Let's build a pipeline that analyzes Java methods using LLMs. Create a new file code_summarization.py:

code_summarization.py
import ollama
from cldk import CLDK
from pathlib import Path
import os

# Create CLDK object, specify language as Java.
cldk = CLDK(language="java")  #  (1)!

# Create analysis object
analysis = cldk.analysis(project_path=os.getenv("JAVA_APP_PATH"))  #  (2)!

# Iterate over files
for file_path, class_file in analysis.get_symbol_table().items():
    # Iterate over classes
    for type_name, type_declaration in class_file.type_declarations.items():
        # Iterate over methods
        for method in type_declaration.callable_declarations.values():  #  (3)!
            # Skip constructors
            if method.is_constructor:
                continue
            # Get code body
            code_body = Path(file_path).absolute().resolve().read_text()

            # Initialize treesitter
            tree_sitter_utils = cldk.tree_sitter_utils(source_code=code_body)  # (4)!

            # Sanitize class 
            sanitized_class = tree_sitter_utils.sanitize_focal_class(method.declaration)  # (5)!

            # Format instruction
            instruction = (
                f"Question: Can you write a brief summary for the method " 
                f"`{method.declaration}` in the class `{type_name}` below?\n\n" 
                f"```java\n{sanitized_class}```\n"
            )

            # Prompt Ollama
            summary = ollama.generate(
                model="granite-code:8b-instruct", # (6)!
                prompt=instruction).get("response") 

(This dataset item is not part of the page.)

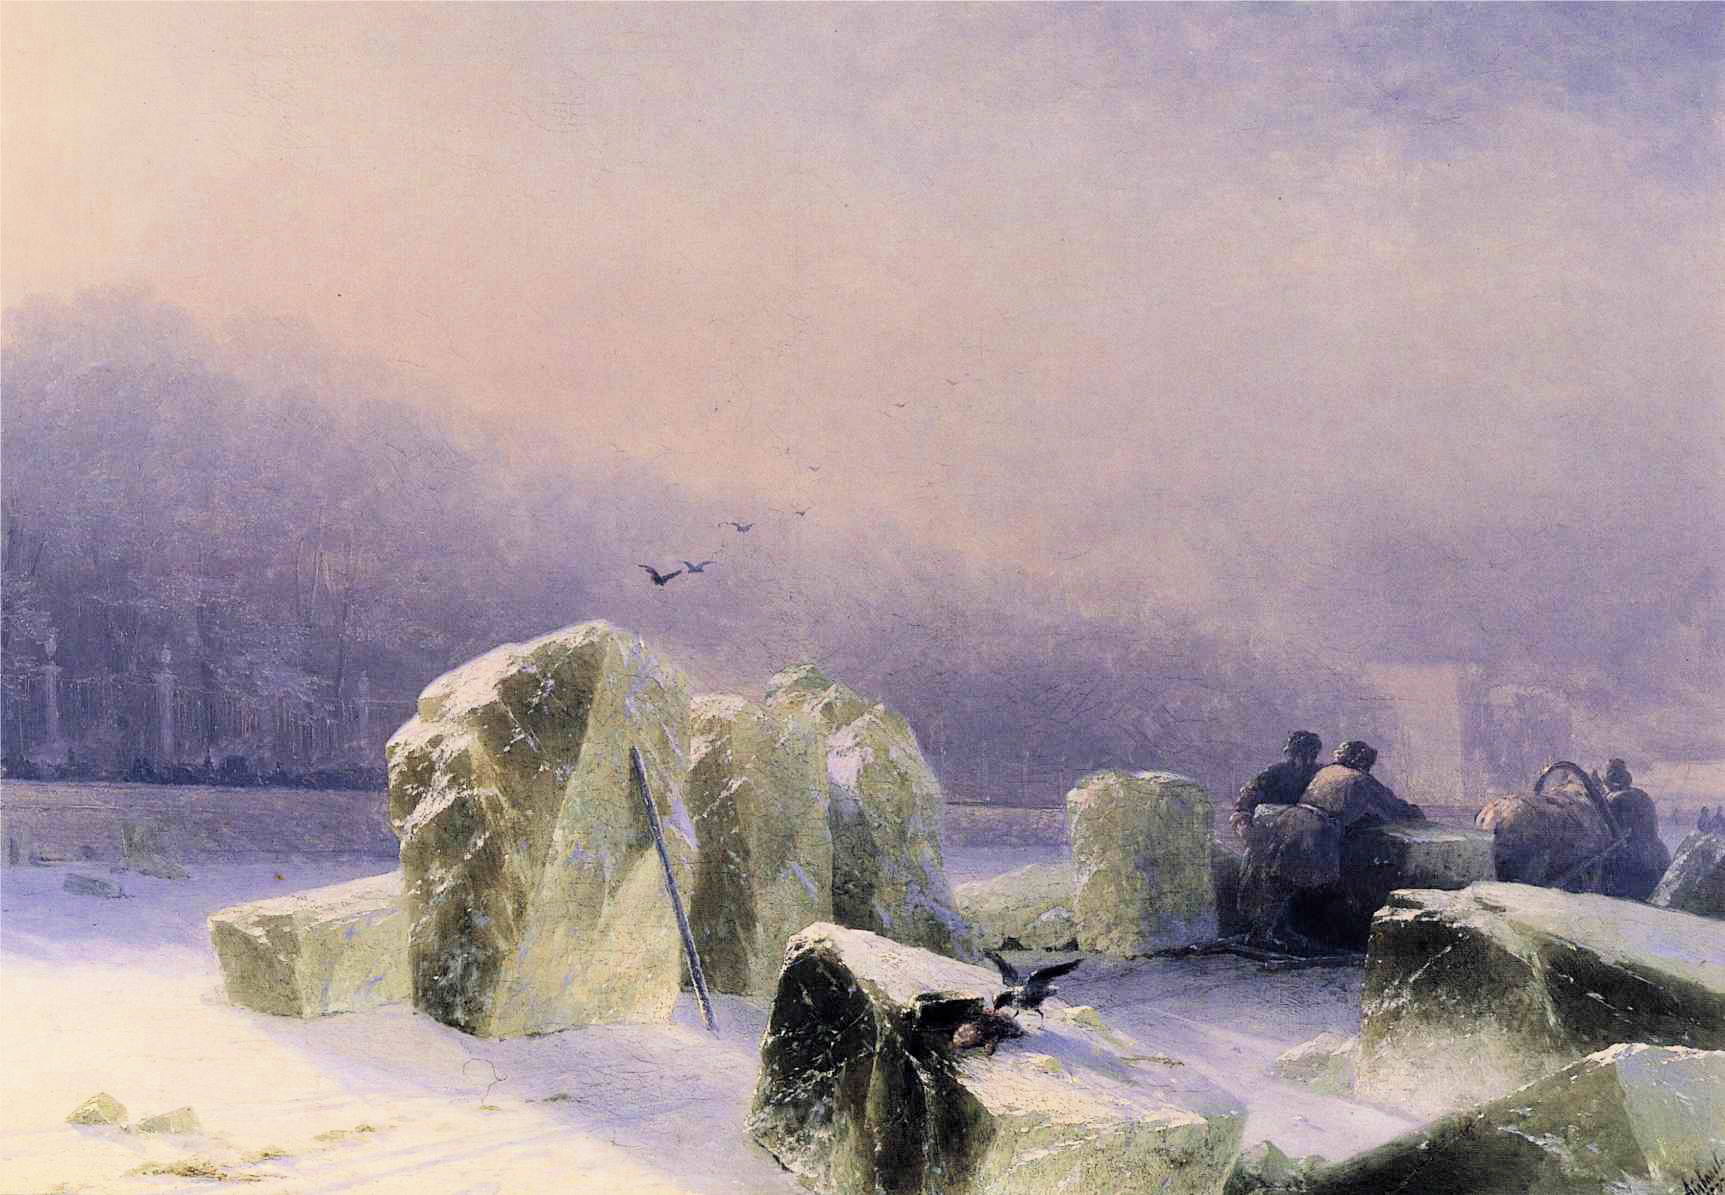 Ice Breakers on the Frozen Neva in St. Petersburg (1877).

            # Print output
            print(f"\nMethod: {method.declaration}")
            print(f"Summary: {summary}")
  1. Create a new instance of the CLDK class
  2. Create an analysis instance for the Java project. This object will be used to obtain all the analysis artifacts from the java project.
  3. In a nested loop, we can quickly iterate over the methods in the project and extract the code body.
  4. CLDK comes with a number of treesitter based utilities that can be used to extract and manipulate code snippets.
  5. We use the sanitize_focal_class() method to extract the focal class for the method and sanitize any unwanted code in just one line of code.
  6. We use the granite-code:8b-instruct model in this example. Try a different model from Ollama model library.

Running code_summarization.py#

Save the file as code_summarization.py and run it:

python code_summarization.py

You'll see output like:

Method: parse
Summary: This method parses command line arguments using the specified Options object...

Method: validateOption
Summary: Validates if an option meets the required criteria including checking...

...

Step 5: Customize Analysis#

The pipeline can be customized in several ways:

Try different Granite model sizes:

summary = ollama.generate(
    model="granite-code:34b-instruct",  # Larger model! 
    prompt=instruction).get("response") 

Adjust the task to generate a unit test:

def format_inst(code, focal_method, focal_class):
    return (f"Generate a complete unit test case using junit4 for the method `{focal_method}`...\n\n"
            f"```java\n{code}```\n")

Next Steps#

  • Explore different analysis tasks like code repair, translation, test generation, and more...
  • Create richer prompts with more analysis artifacts that CLDK provides.
  • Implement batch processing for larger projects, or use the CLDK SDK to build custom analysis pipelines.